Provided entries:
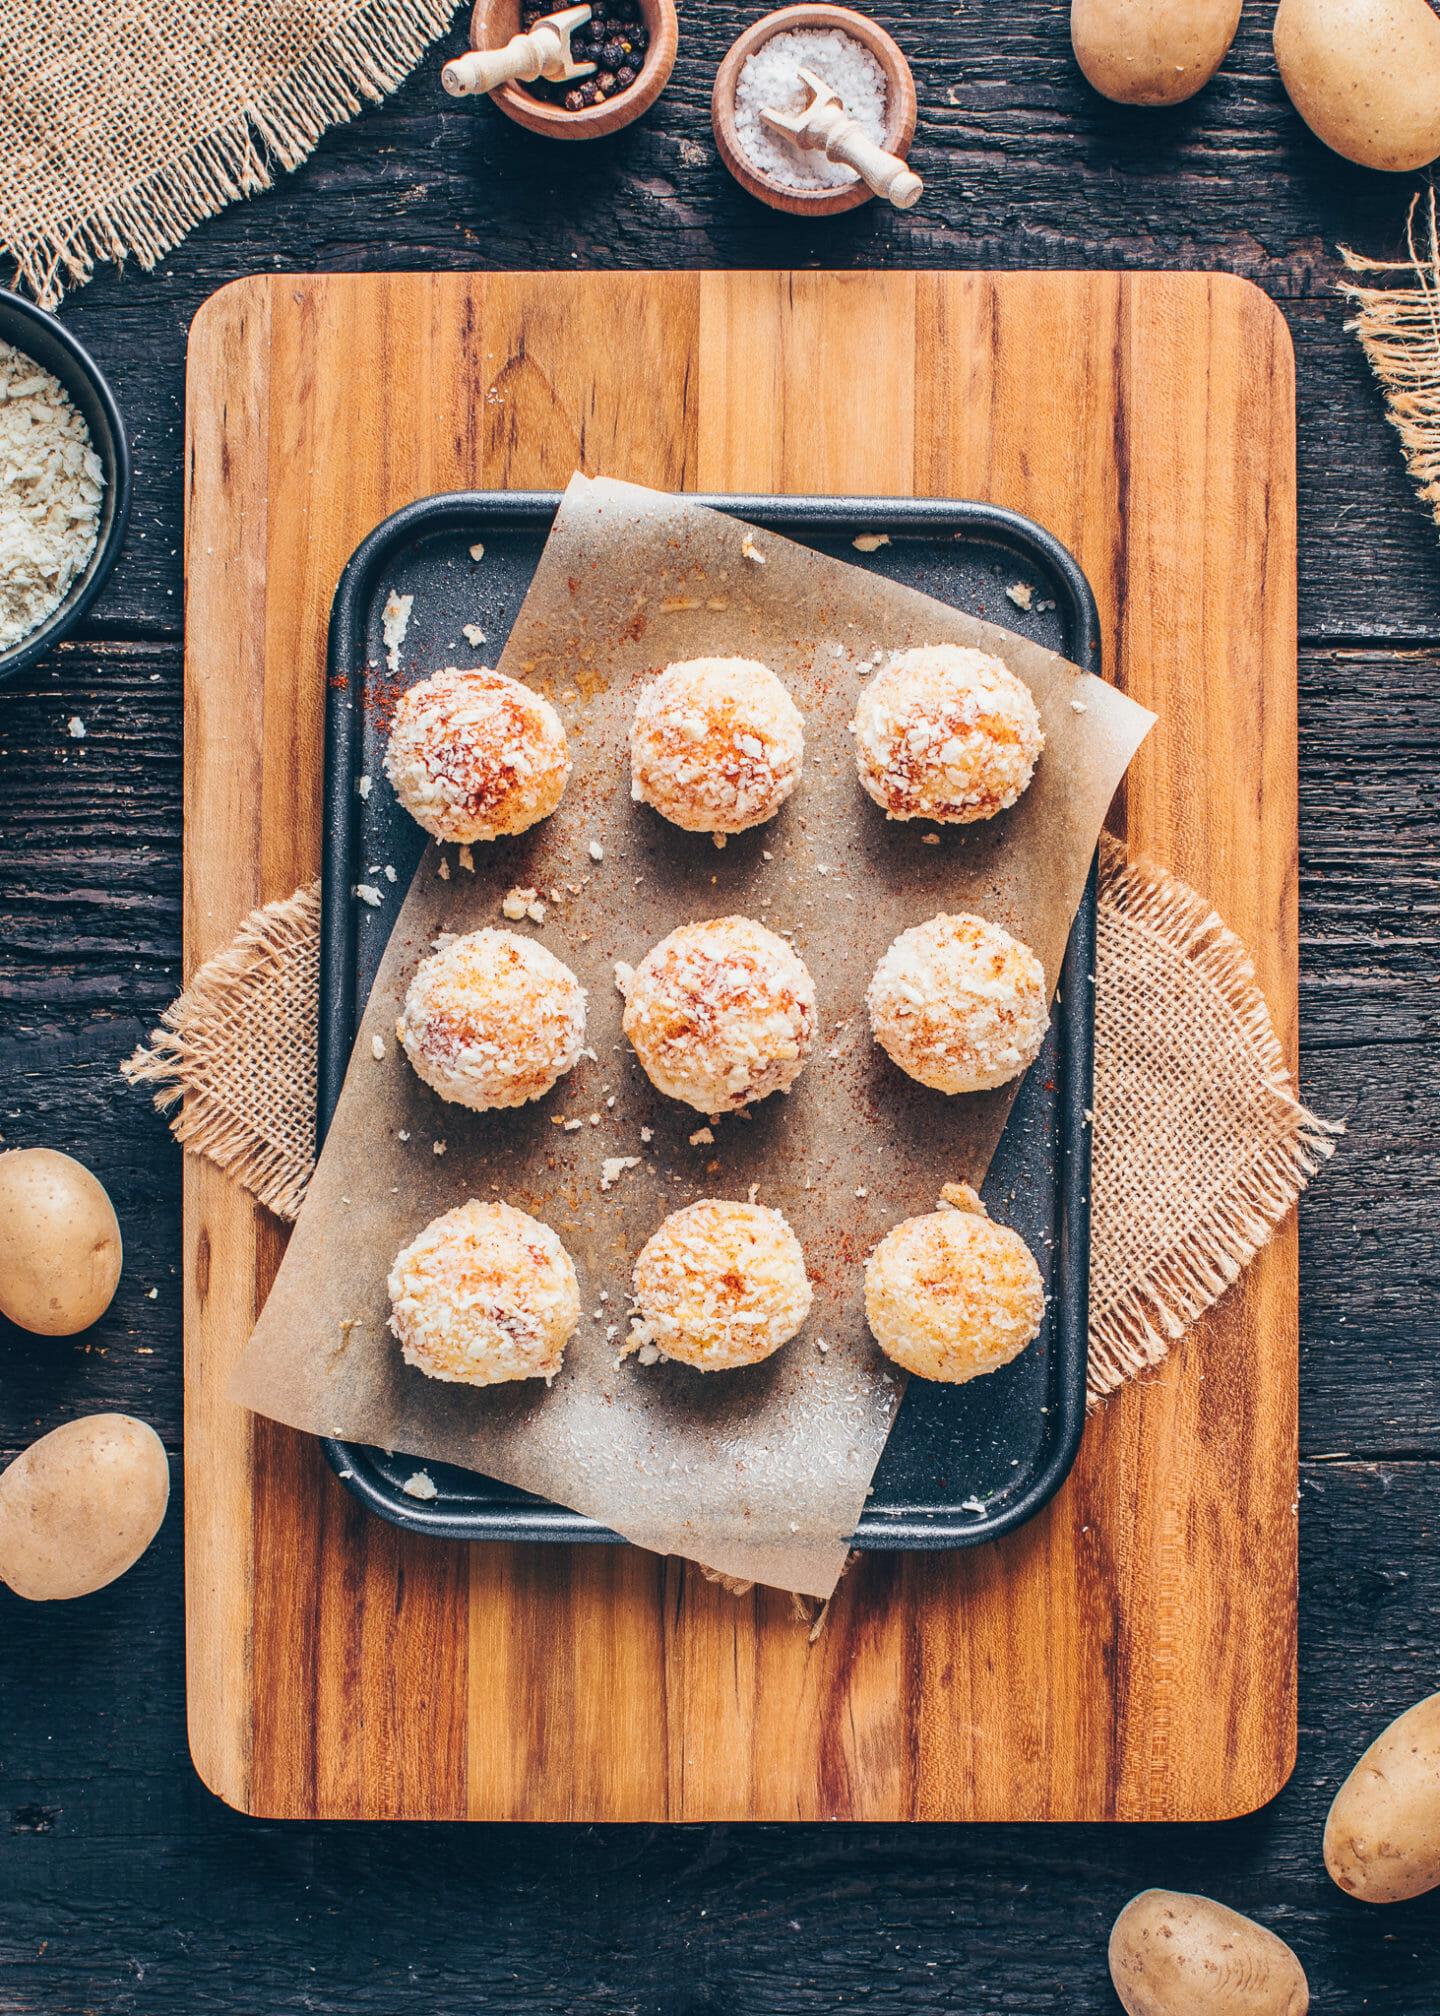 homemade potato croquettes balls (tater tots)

...

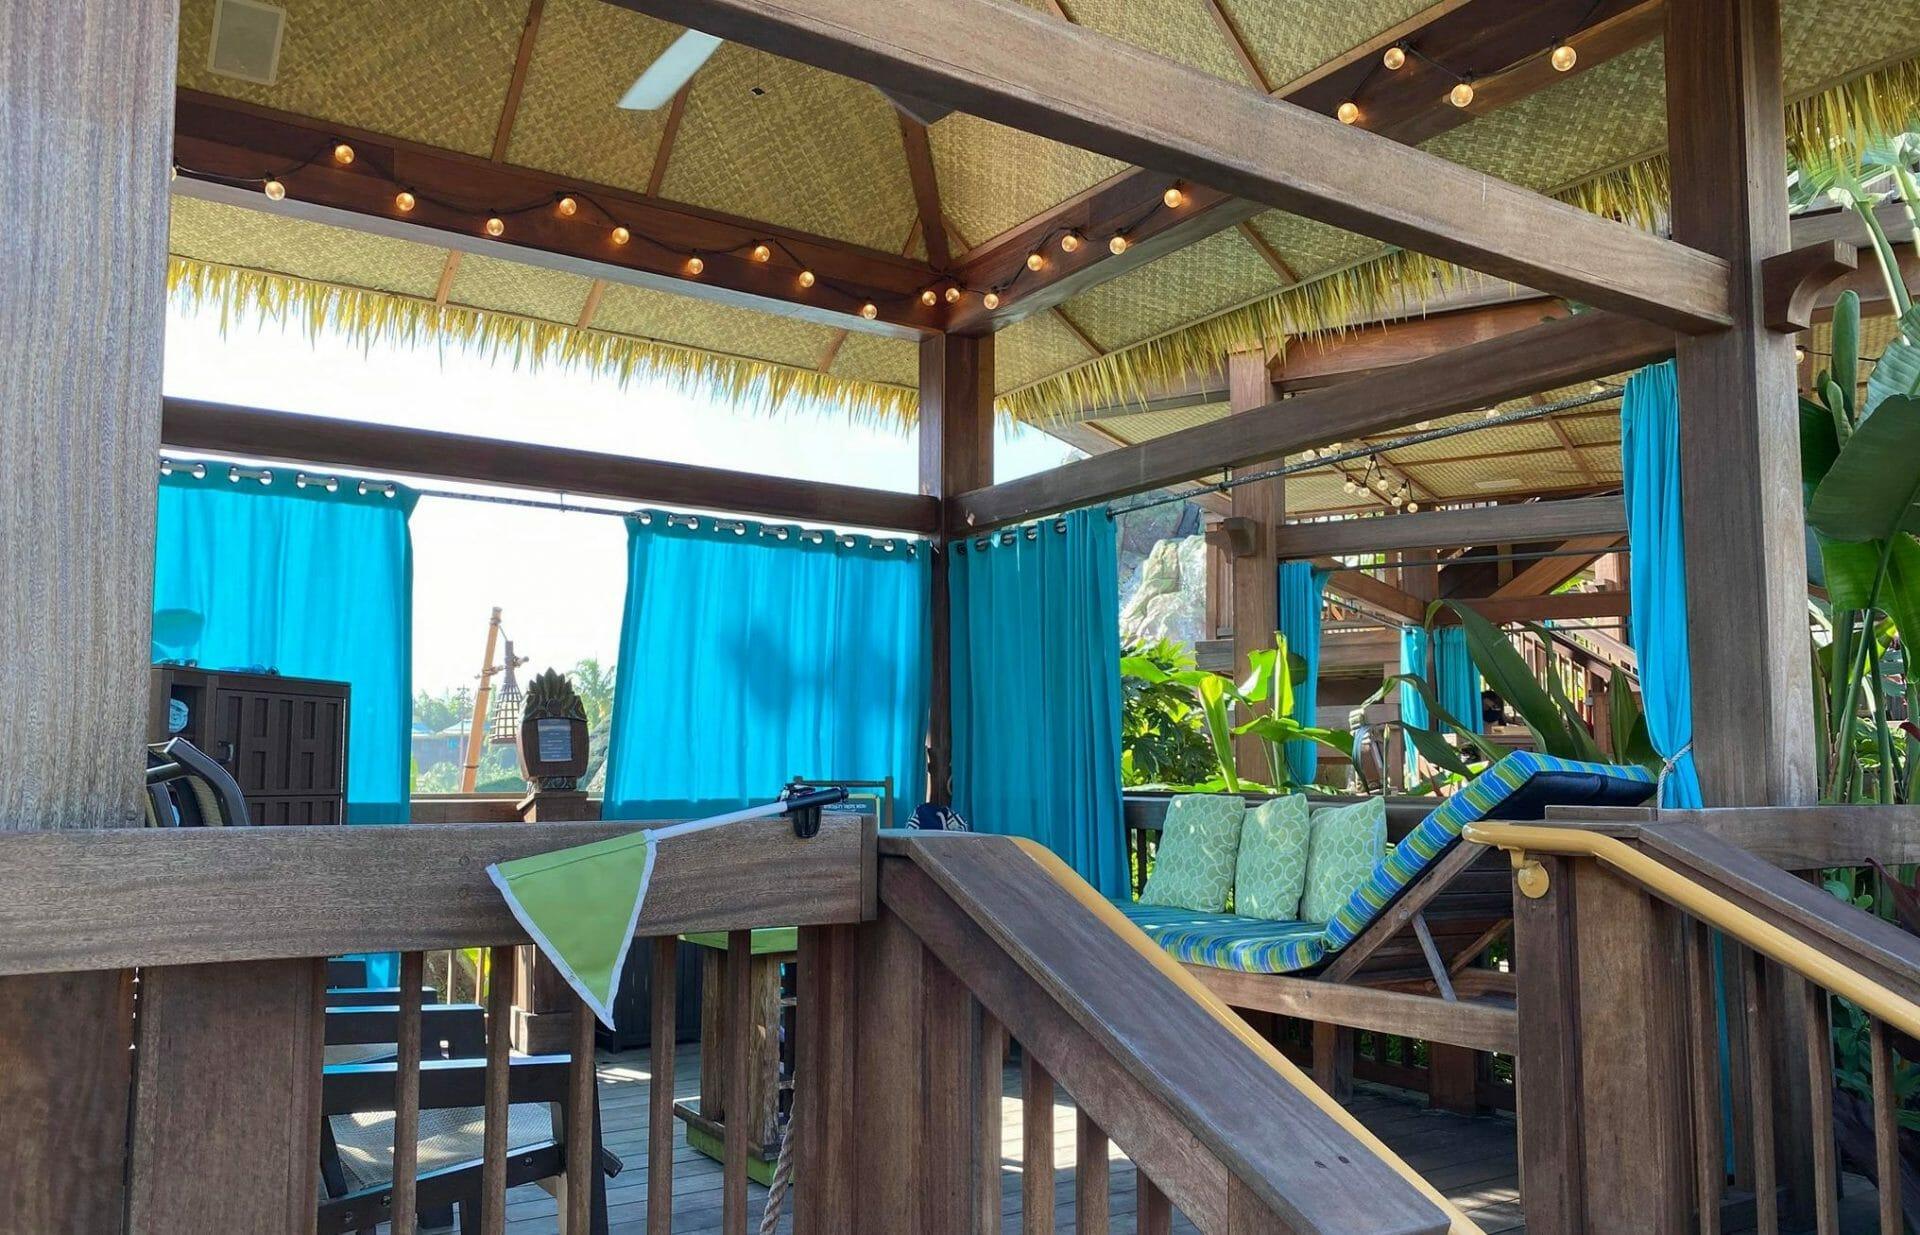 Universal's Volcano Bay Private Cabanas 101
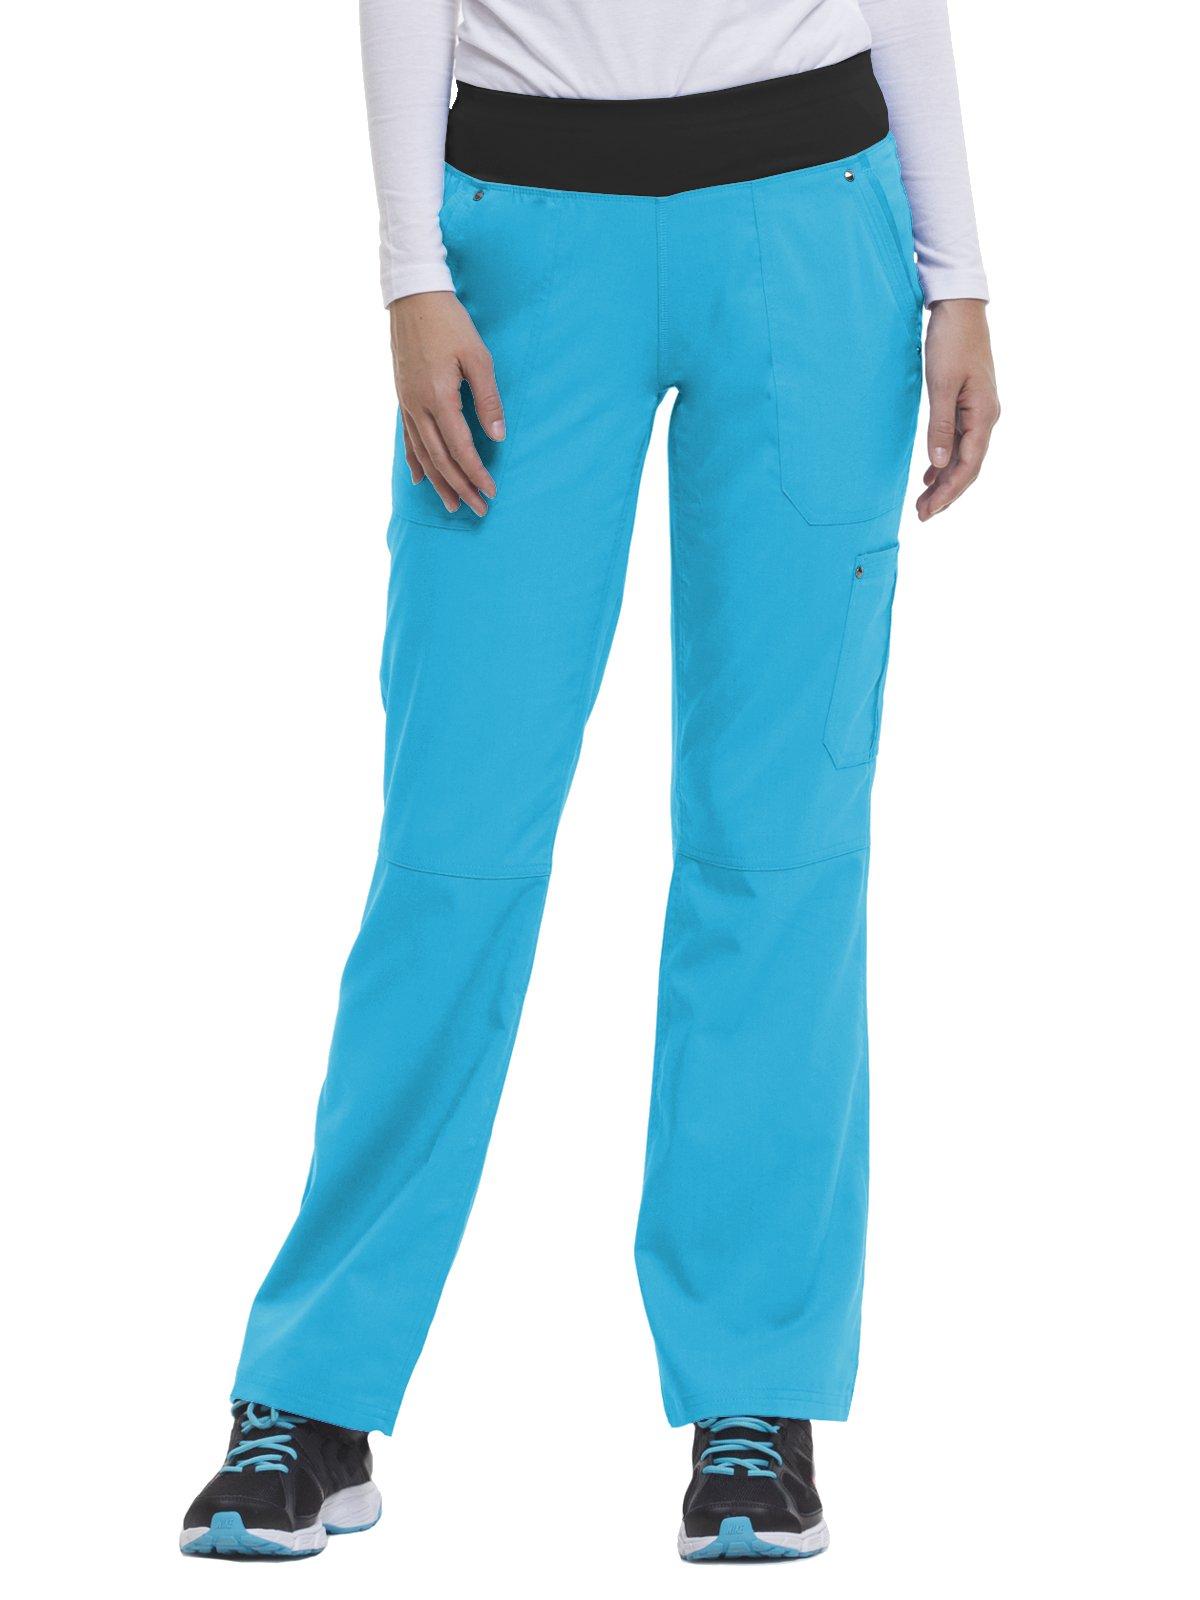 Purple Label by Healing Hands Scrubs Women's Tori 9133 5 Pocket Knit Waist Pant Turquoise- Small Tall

Brief:
Using the records above, return verbatim only the part that opens with the line containing "Universal's Volcano Bay Private Cabanas 101" and closes with the line containing "Purple Label by"; pictures stay out.

Problem solution:
 Universal's Volcano Bay Private Cabanas 101
 Purple Label by Healing Hands Scrubs Women's Tori 9133 5 Pocket Knit Waist Pant Turquoise- Small Tall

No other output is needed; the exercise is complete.